(Extracted records)
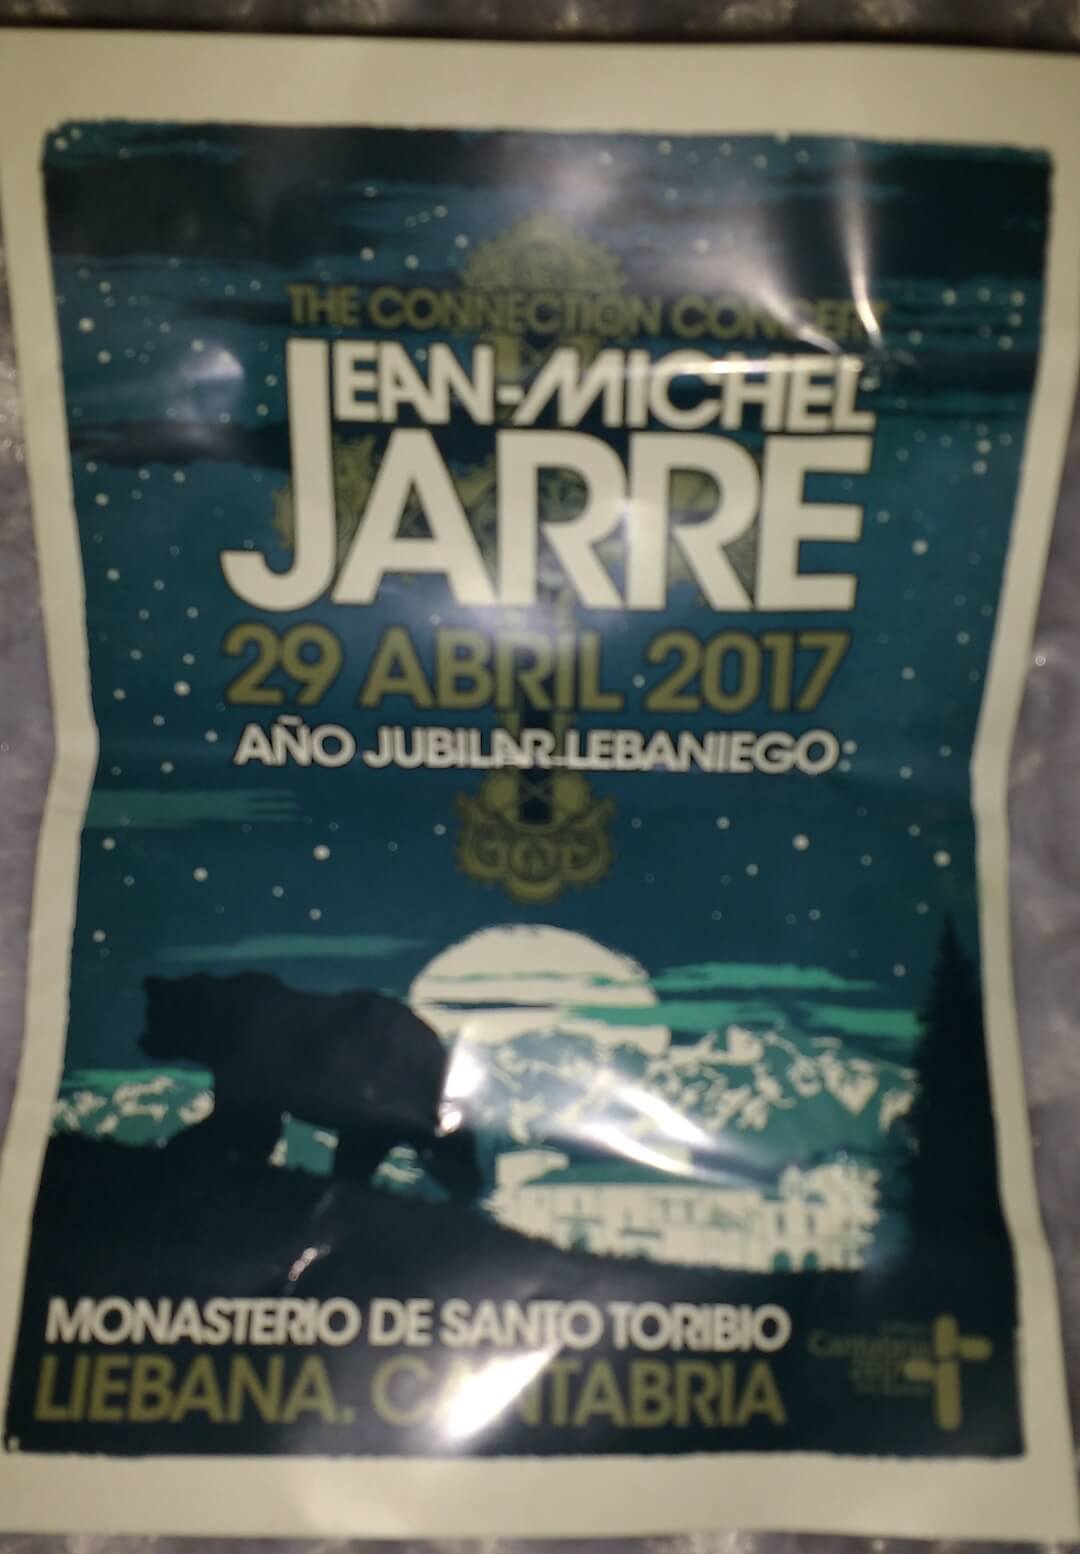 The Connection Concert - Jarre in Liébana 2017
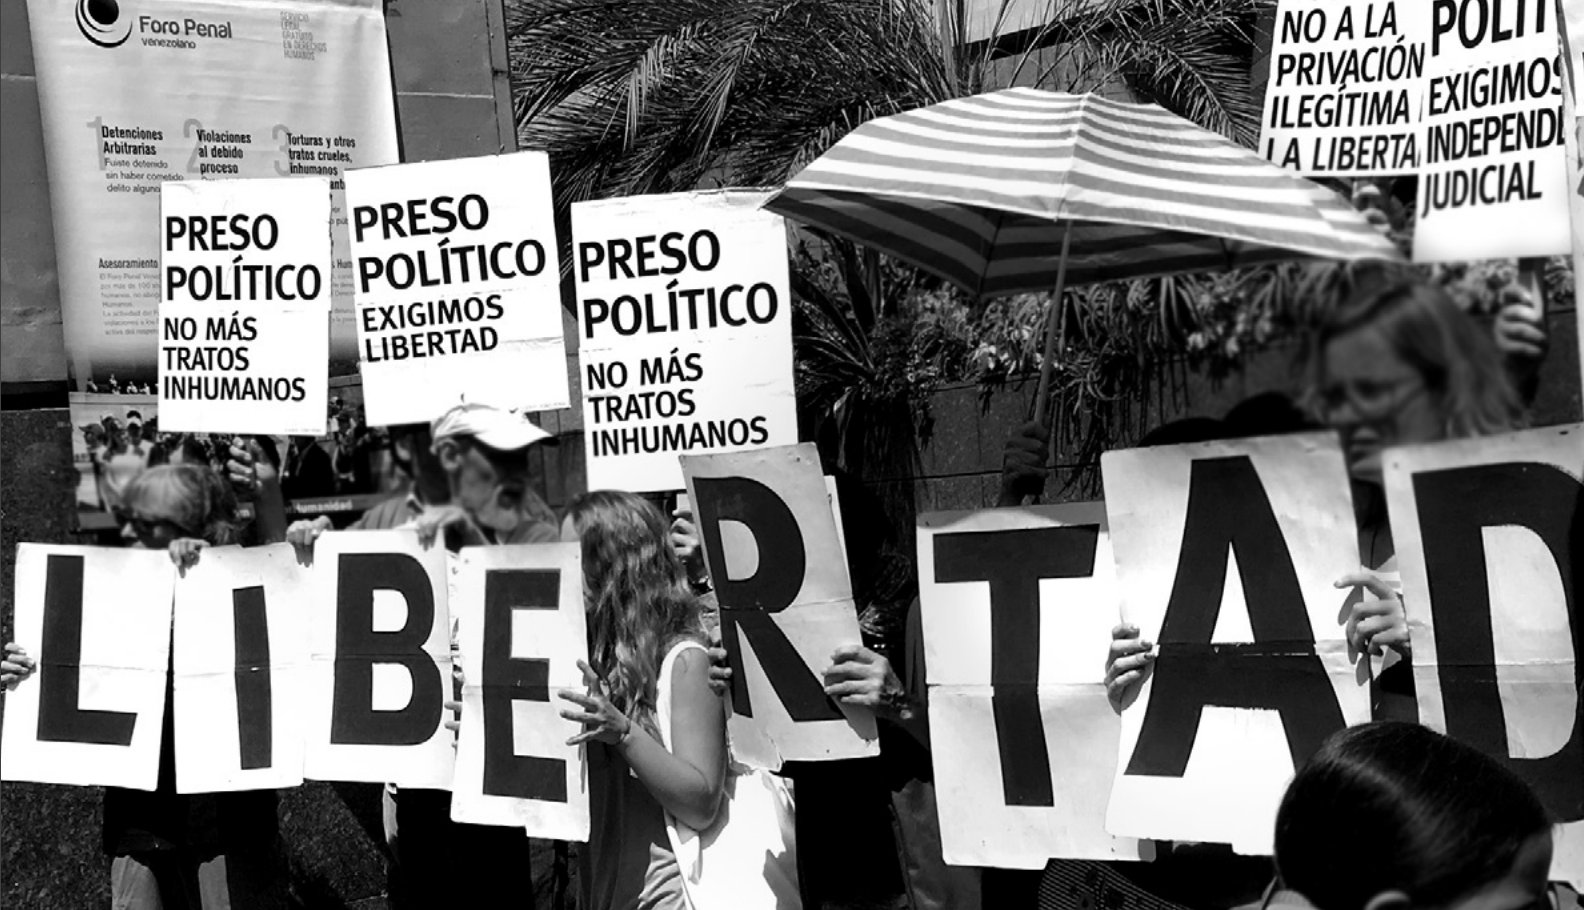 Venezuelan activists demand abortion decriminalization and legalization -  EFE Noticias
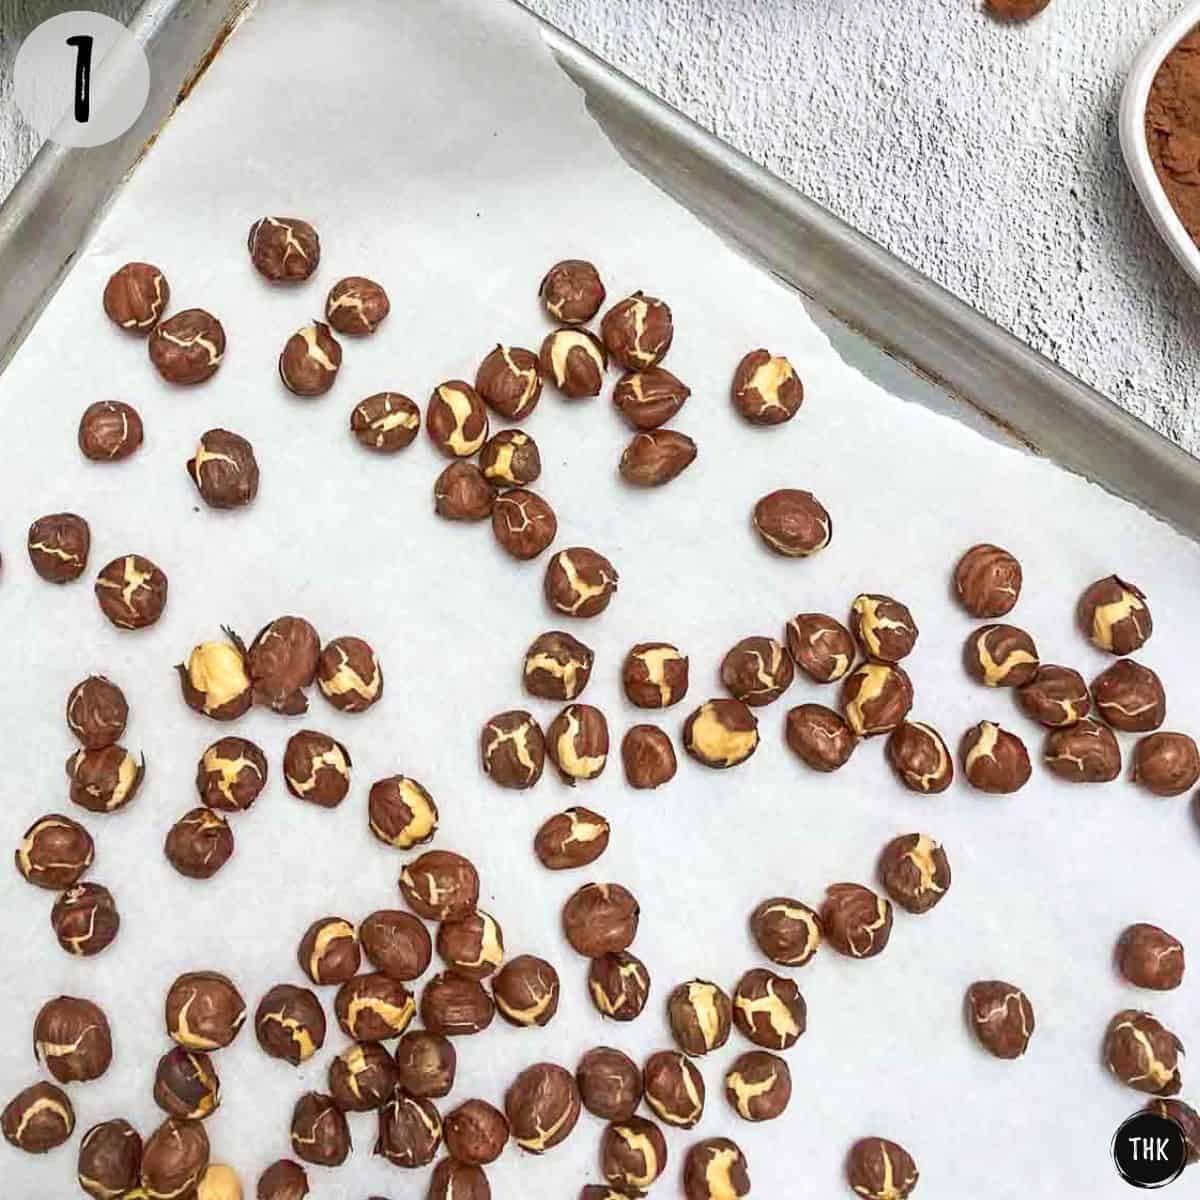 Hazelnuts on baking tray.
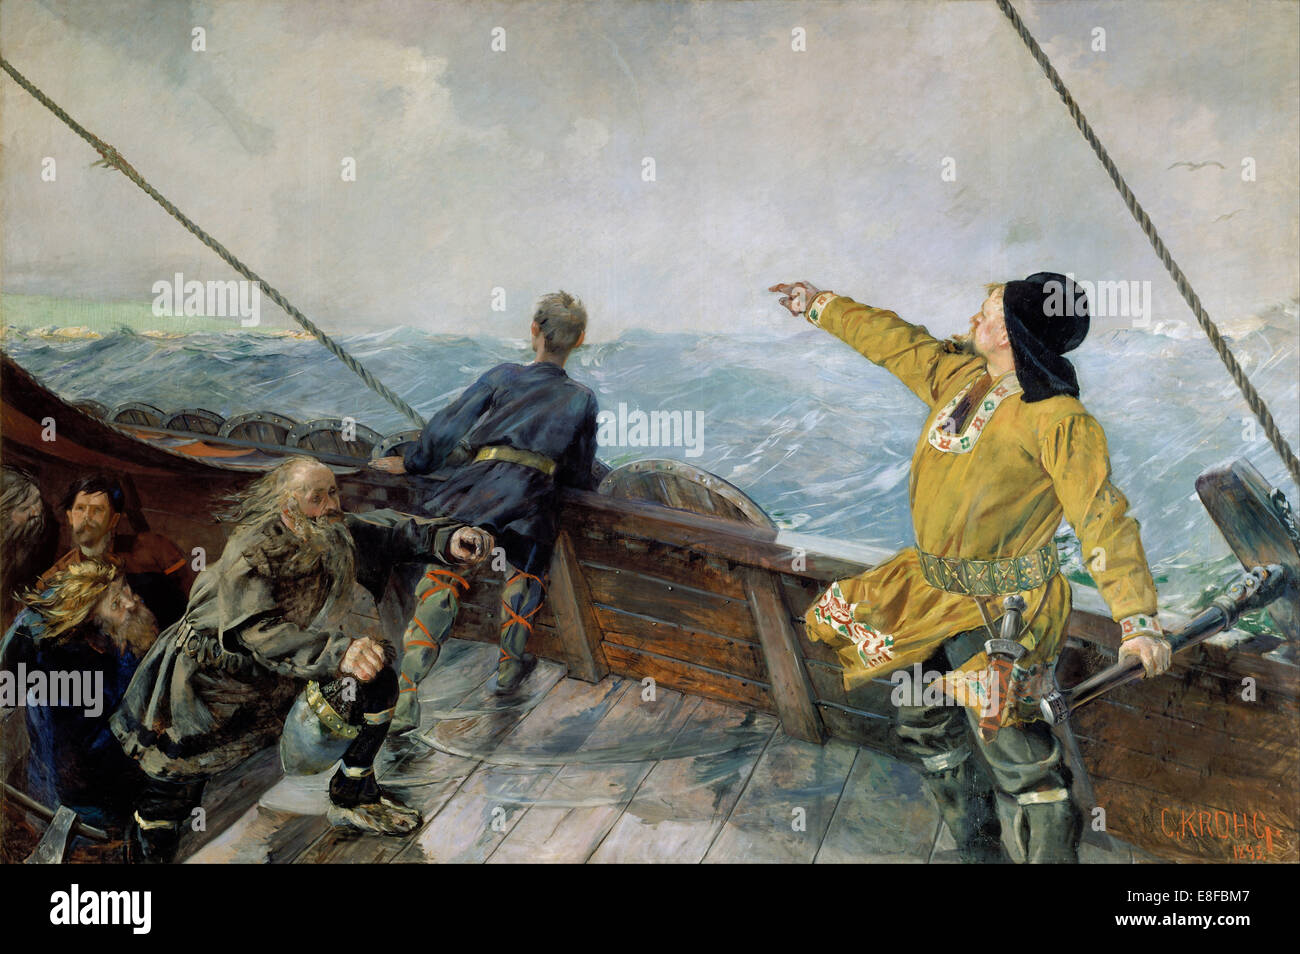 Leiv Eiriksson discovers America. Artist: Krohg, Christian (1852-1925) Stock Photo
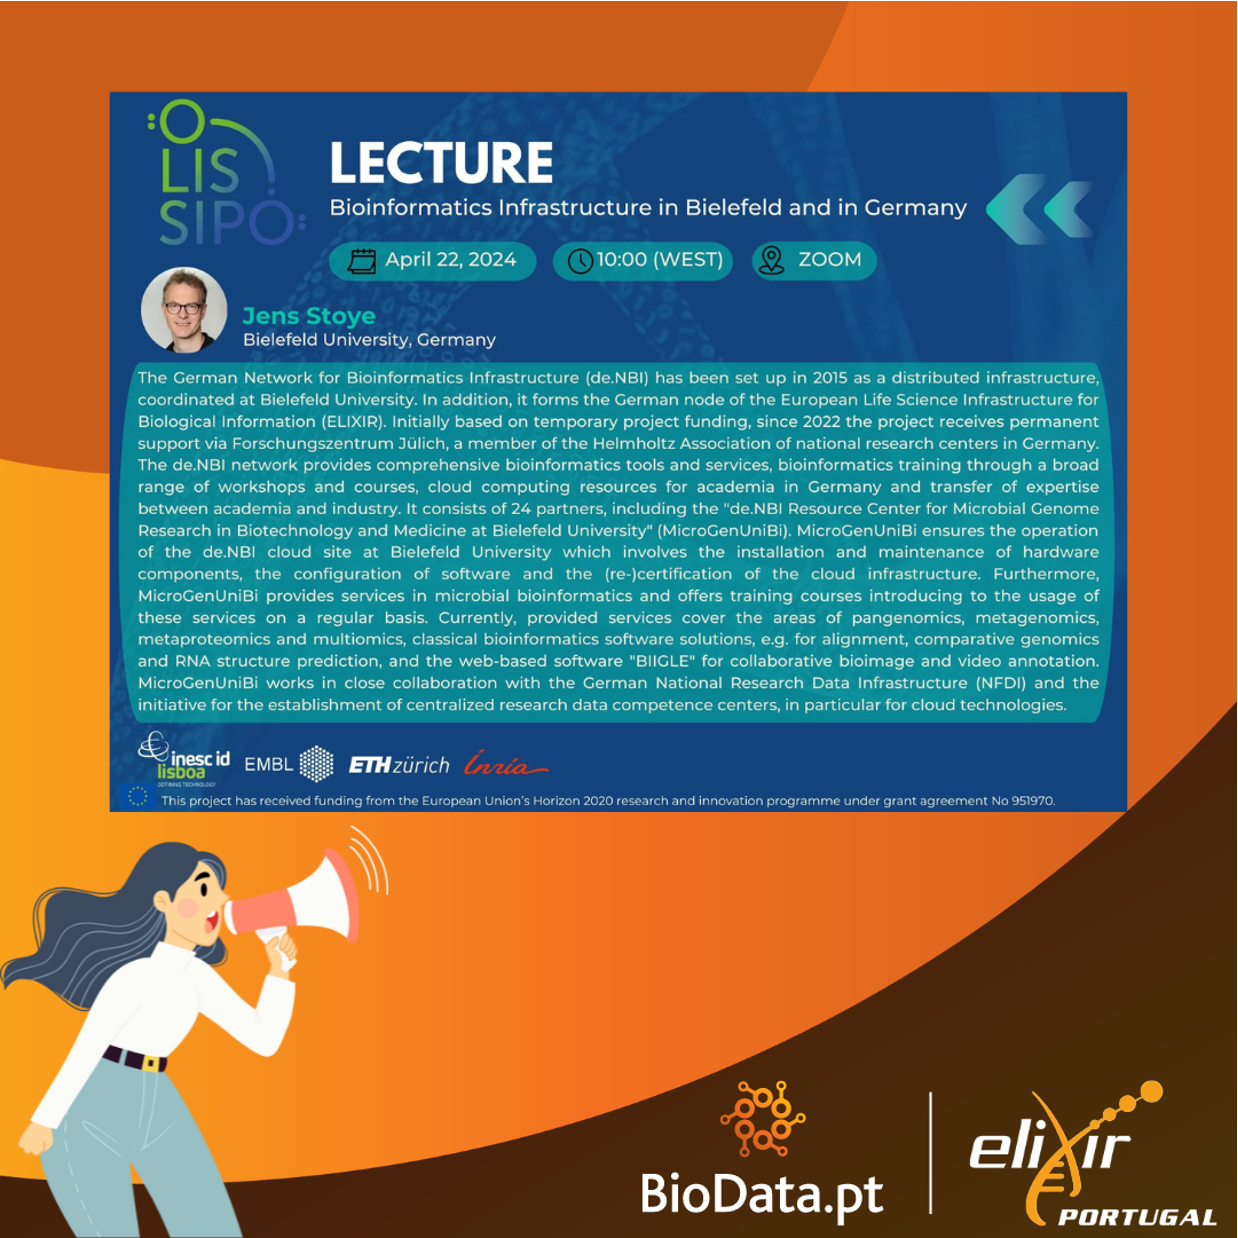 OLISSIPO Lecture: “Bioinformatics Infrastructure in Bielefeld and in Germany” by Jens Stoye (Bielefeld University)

[Your assignment]
Leaving out the pictures, repeat all the entries exactly as they stand.

[Reply to the task]
 The Connection Concert - Jarre in Liébana 2017
 Venezuelan activists demand abortion decriminalization and legalization -  EFE Noticias
 Hazelnuts on baking tray.
 Leiv Eiriksson discovers America. Artist: Krohg, Christian (1852-1925) Stock Photo
 OLISSIPO Lecture: “Bioinformatics Infrastructure in Bielefeld and in Germany” by Jens Stoye (Bielefeld University)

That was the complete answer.